[Opening Extracted entries section]

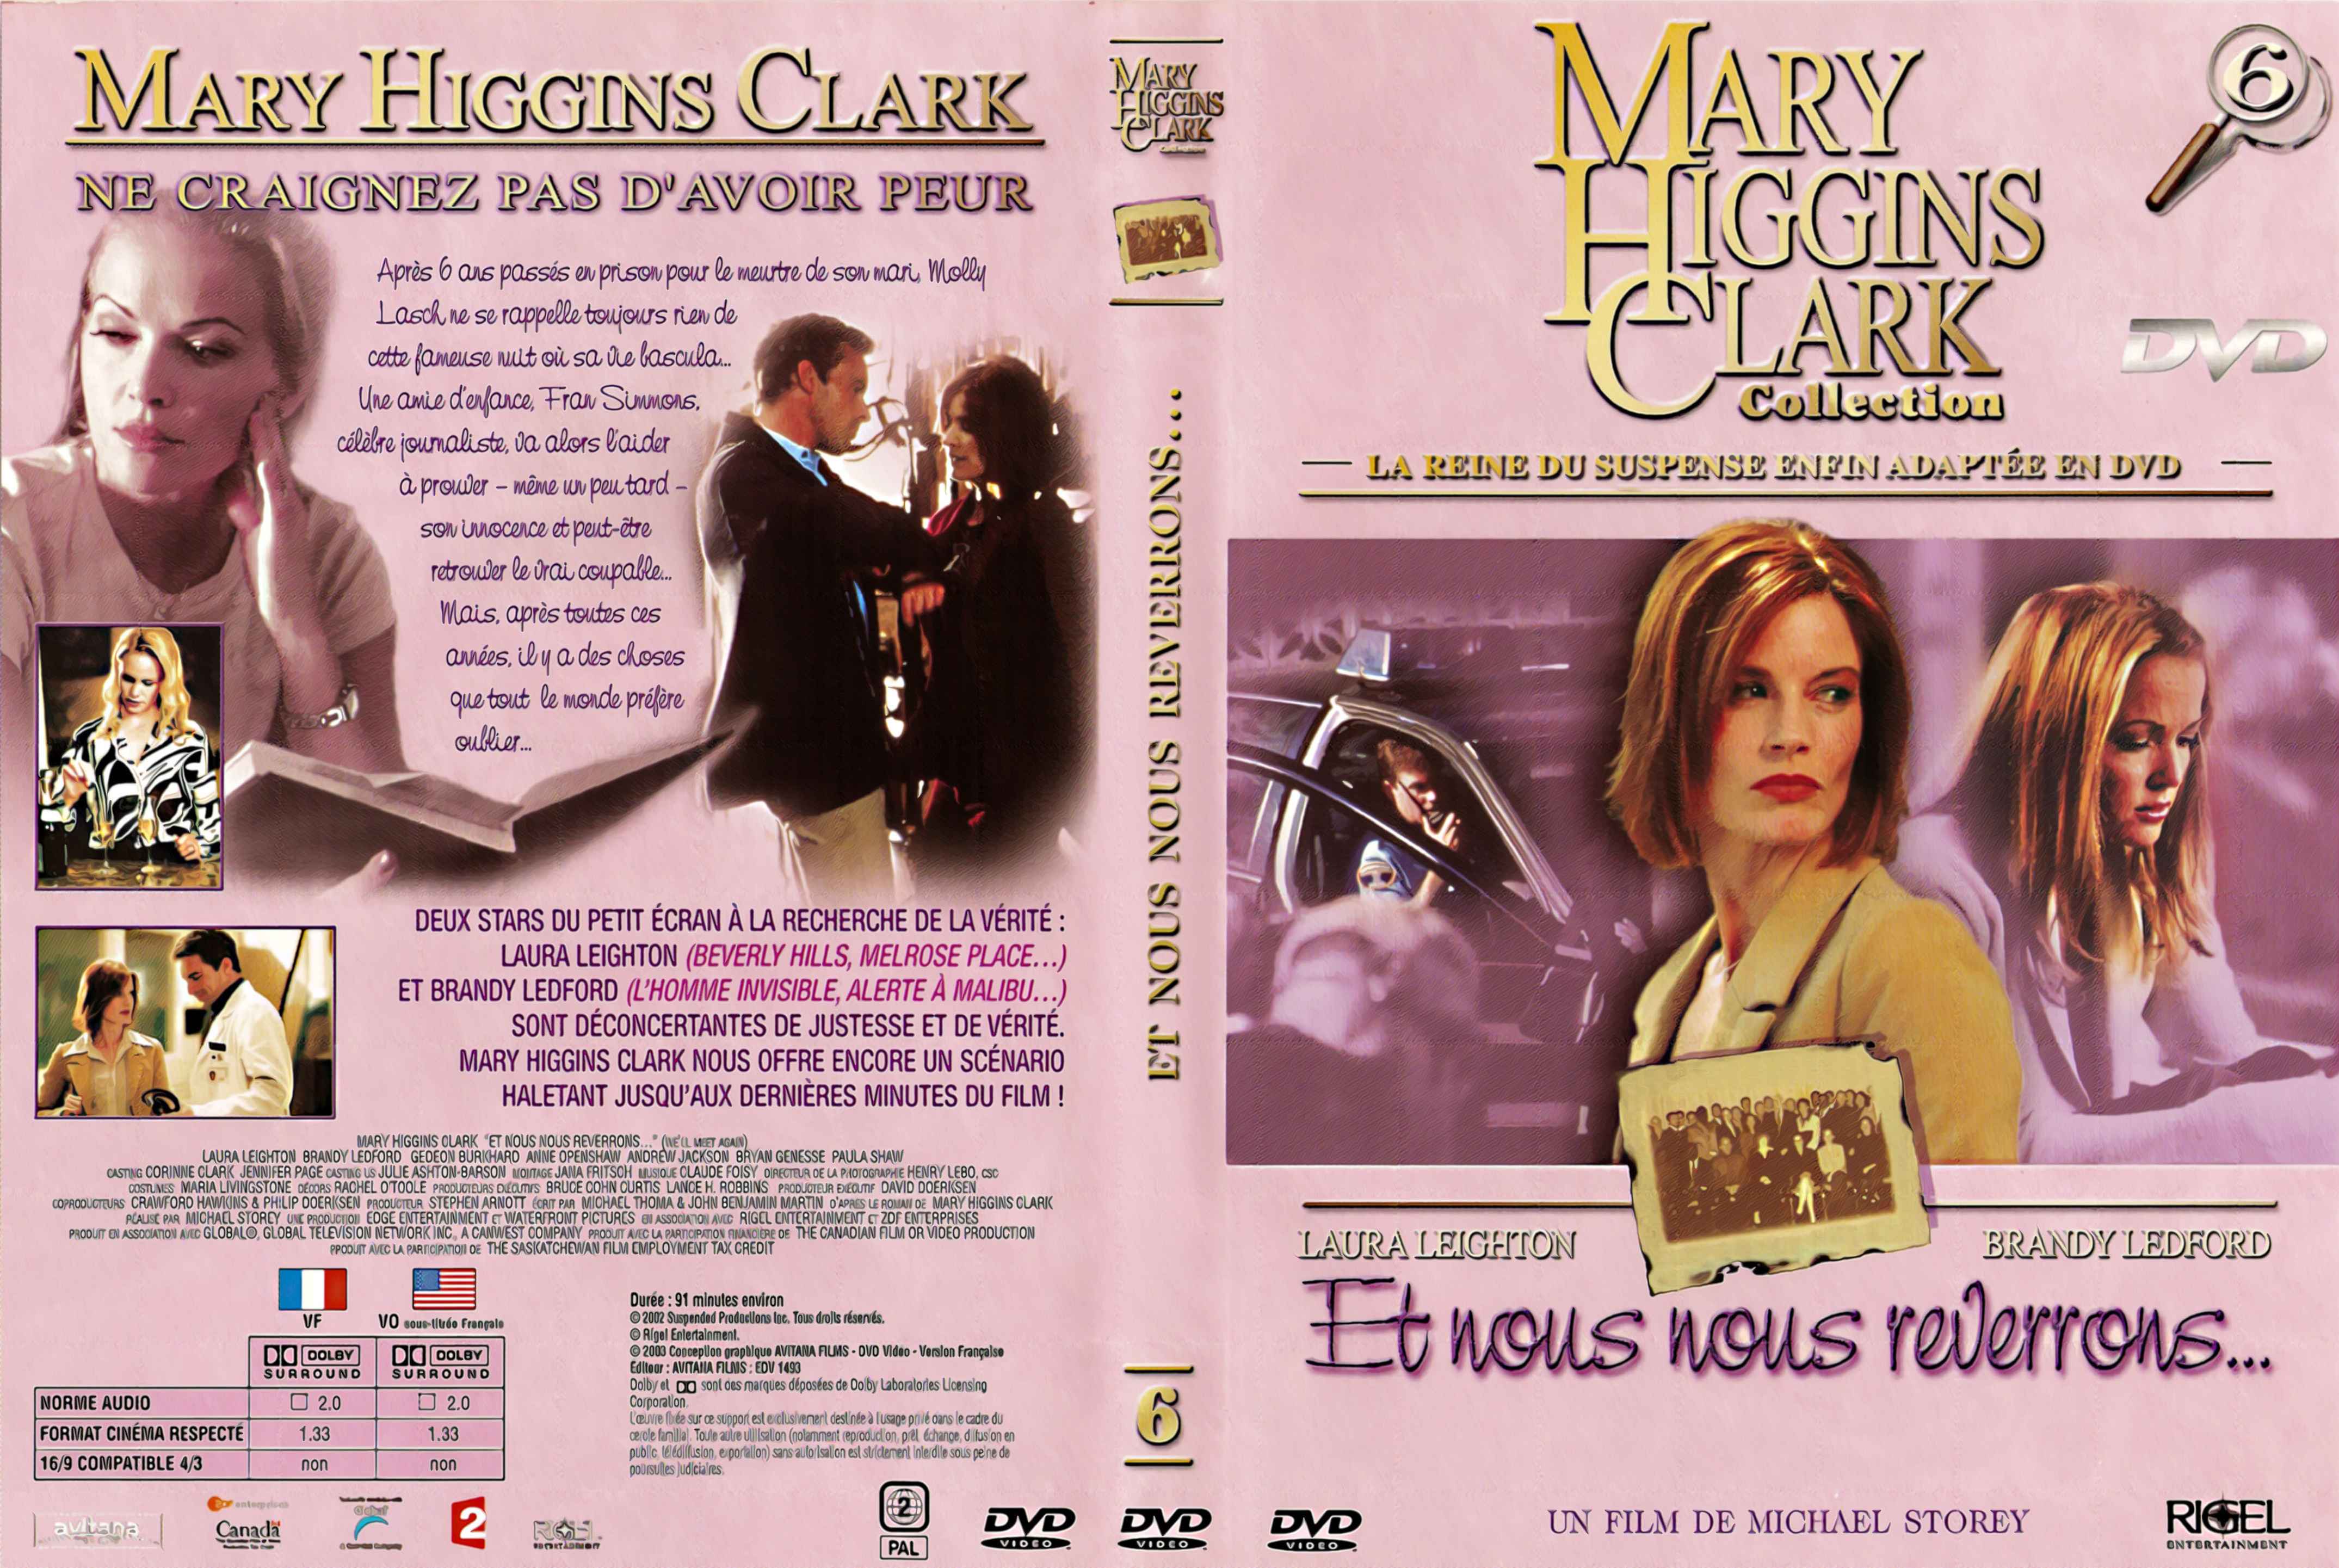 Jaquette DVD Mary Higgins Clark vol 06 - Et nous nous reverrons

[Closing Extracted entries section]
[Opening Extracted entries section]

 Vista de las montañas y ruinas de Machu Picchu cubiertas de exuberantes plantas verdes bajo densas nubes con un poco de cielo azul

[Closing Extracted entries section]
[Opening Extracted entries section]

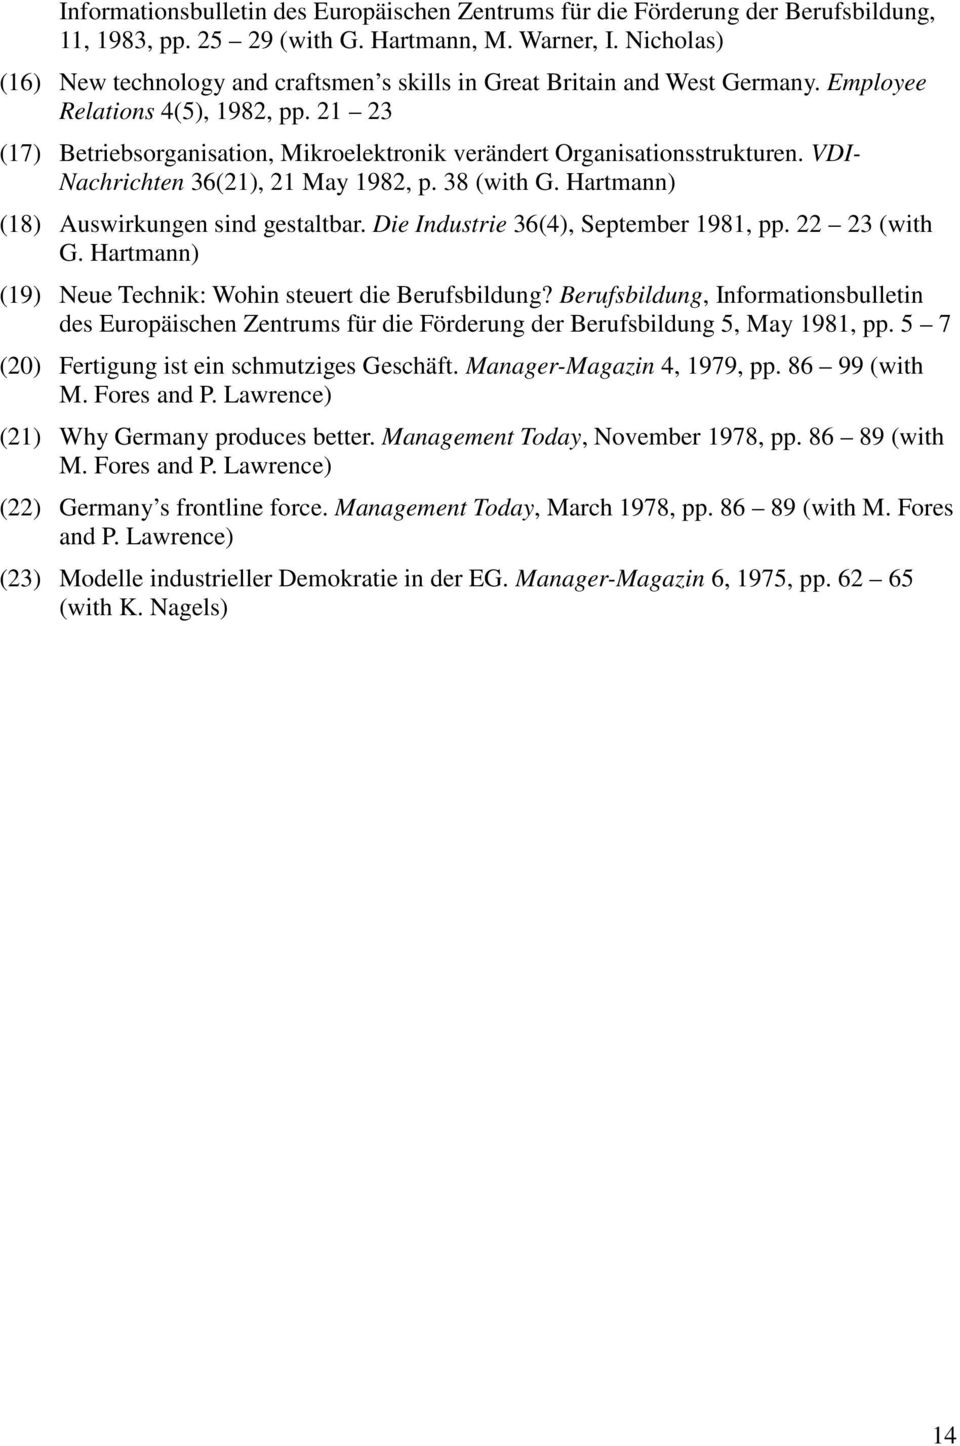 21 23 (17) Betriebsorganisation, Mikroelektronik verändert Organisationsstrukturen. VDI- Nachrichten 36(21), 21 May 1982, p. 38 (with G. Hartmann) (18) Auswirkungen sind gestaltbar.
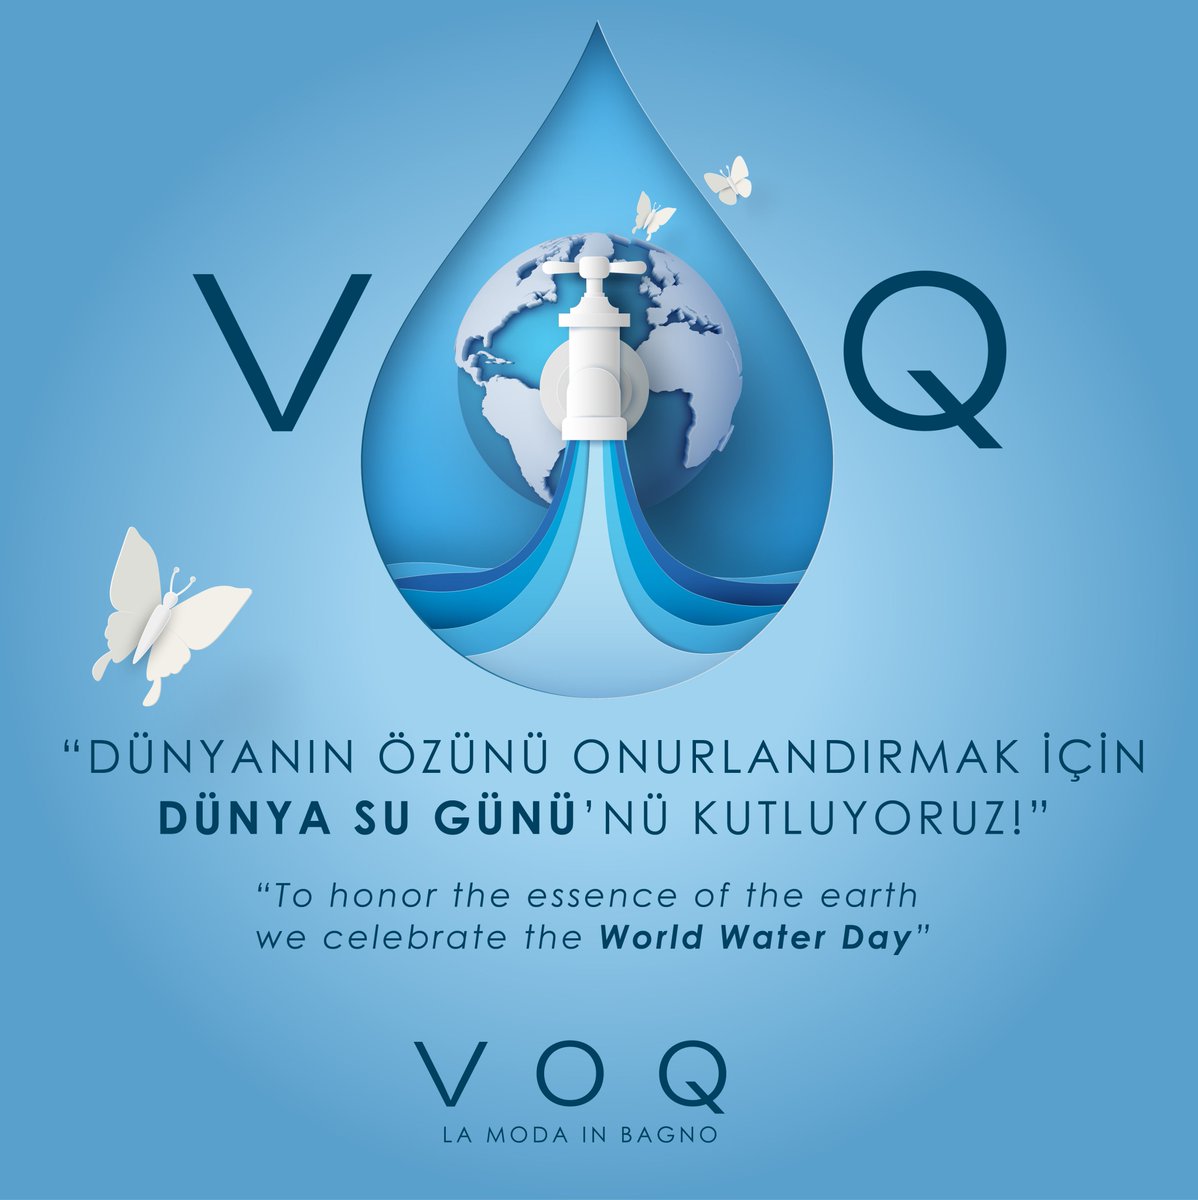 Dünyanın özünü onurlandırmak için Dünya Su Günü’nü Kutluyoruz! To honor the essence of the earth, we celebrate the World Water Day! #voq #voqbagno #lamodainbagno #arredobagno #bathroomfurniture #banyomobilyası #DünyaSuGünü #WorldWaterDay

[Closing Extracted entries section]

◆ Exercise aim:
Exactly the lines above from the one that contains "21 23 (17) Betriebsorganisation, Mikroelektronik" down to the one that contains "Dünyanın özünü onurlandırmak" are to be output, both ends kept and pictures omitted.

◆ Your solution:
 21 23 (17) Betriebsorganisation, Mikroelektronik verändert Organisationsstrukturen. VDI- Nachrichten 36(21), 21 May 1982, p. 38 (with G. Hartmann) (18) Auswirkungen sind gestaltbar.
 Dünyanın özünü onurlandırmak için Dünya Su Günü’nü Kutluyoruz! To honor the essence of the earth, we celebrate the World Water Day! #voq #voqbagno #lamodainbagno #arredobagno #bathroomfurniture #banyomobilyası #DünyaSuGünü #WorldWaterDay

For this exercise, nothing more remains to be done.